LINDLEY, District Judge.

Appellant, defeated in its suit to secure priority over the other creditors of the Spencer National Bank, of which appellee is receiver, upon its claim for $5,035.49,' contends that the court erred in not entering judgment as prayed.

Appellant was surety upon the bond of one H. W. Johnson as treasurer of the School Town of Spencer, Ind. As such official he deposited the school funds in the bank, of which he was assistant cashier, and, during the same period, the county treasurer kept his official deposits in the same institution. These deposits were made in pursuance of the United States banking act, 46 Stat. 809, 12 U.S.C.A. § 90, under which it is provided that any national bank may secure deposits of public money to the extent that state banking institutions may do so under the state law. The statutes of Indiana, sections 12611— 12635, Burns’ Ind.Stat.Ann.1926, provide that public funds may be deposited in banks in an amount fixed by proper official authorities. Under this law the bank was an authorized depository to the extent of $15,000. Deposits made wrongfully or in excess of the amount of the depository bond constitute embezzlement.
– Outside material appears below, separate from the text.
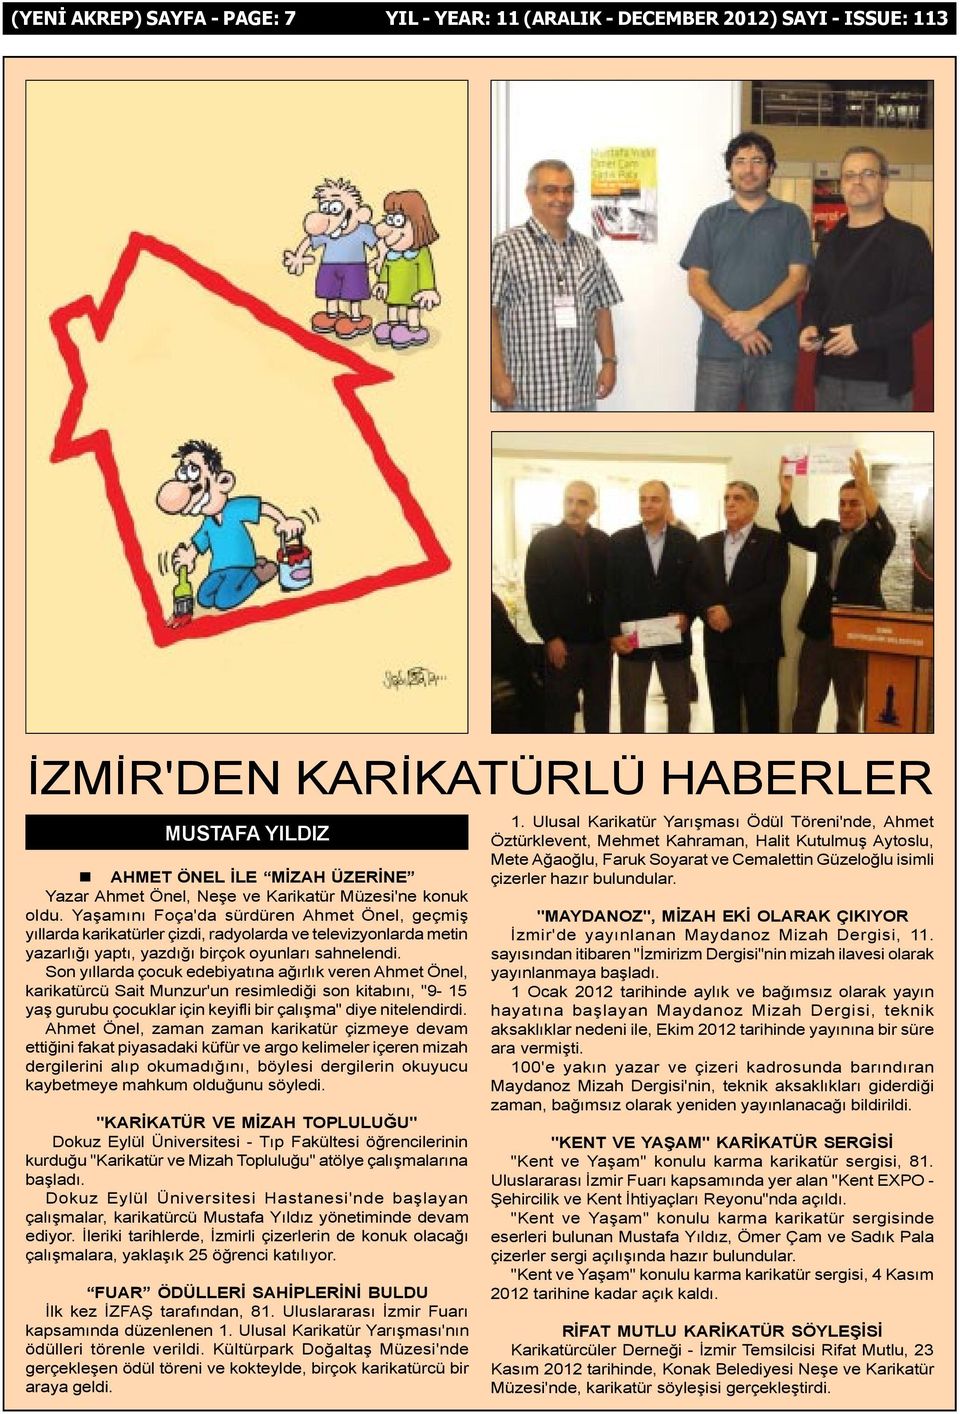 Son yýllarda çocuk edebiyatýna aðýrlýk veren Ahmet Önel, karikatürcü Sait Munzur'un resimlediði son kitabýný, "9-15 yaþ gurubu çocuklar için keyifli bir çalýþma" diye nitelendirdi.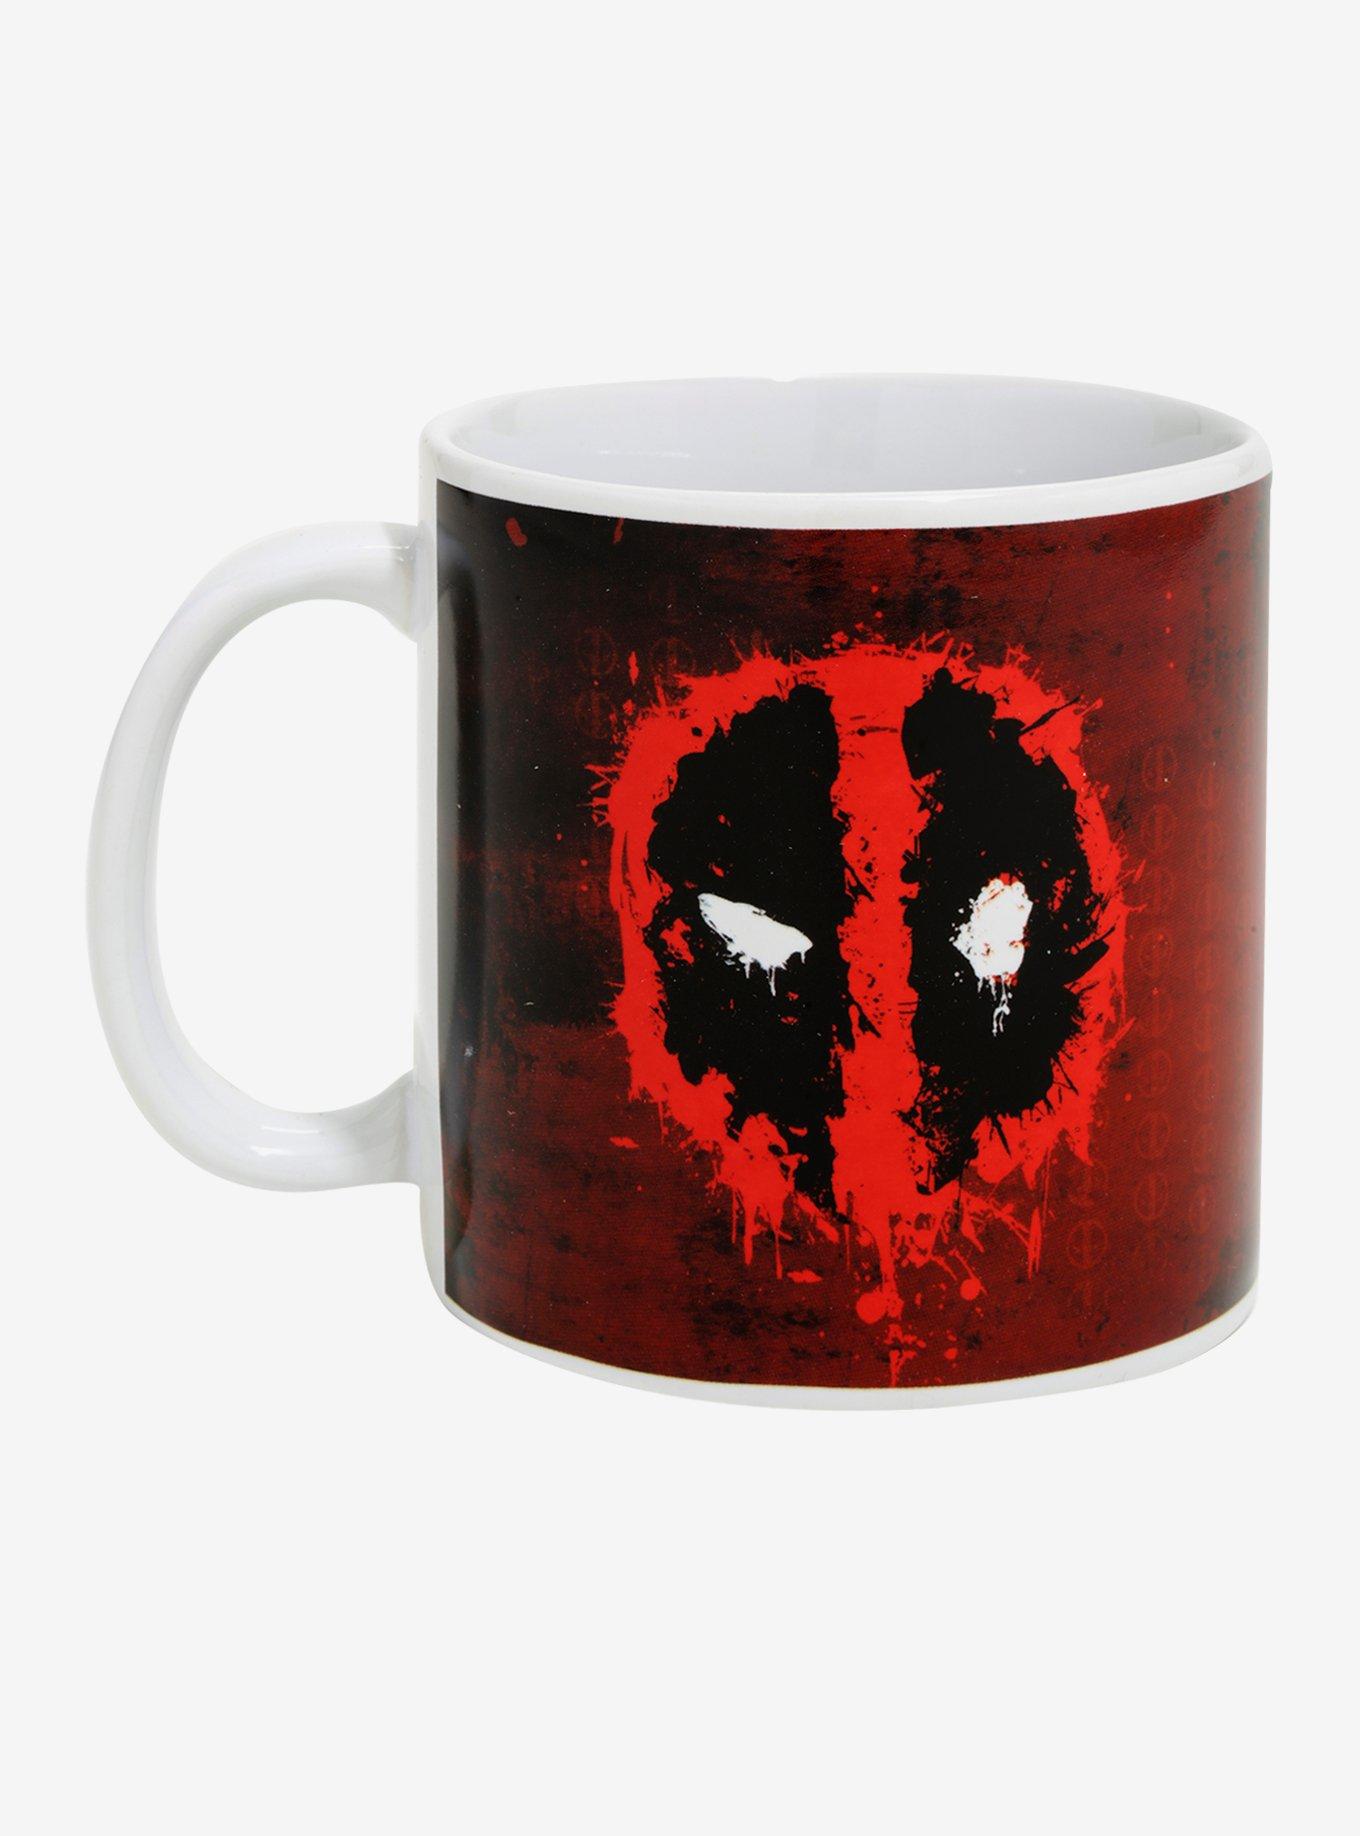 Marvel Deadpool Bang Mug, , hi-res

On July 6, 1932, the county treasurer drew against his account in the bank a warrant or check for $14,539.98 in favor of the school treasurer, who immediately indorsed and deposited it in his official account. The county treasurer’s account was charged and the school treasurer’s credited with this amount.

On July 9 the township trustee drew against his account in the bank a warrant or check for $195.90 in favor of the school treasurer, who indorsed and deposited it in his account, the township account being charged and the school account credited with the amount.

These transactions resulted in a balance to the school treasurer’s credit at the time the bank closed, of $20,035.49, or $5,-035.49 more than it was authorized to receive.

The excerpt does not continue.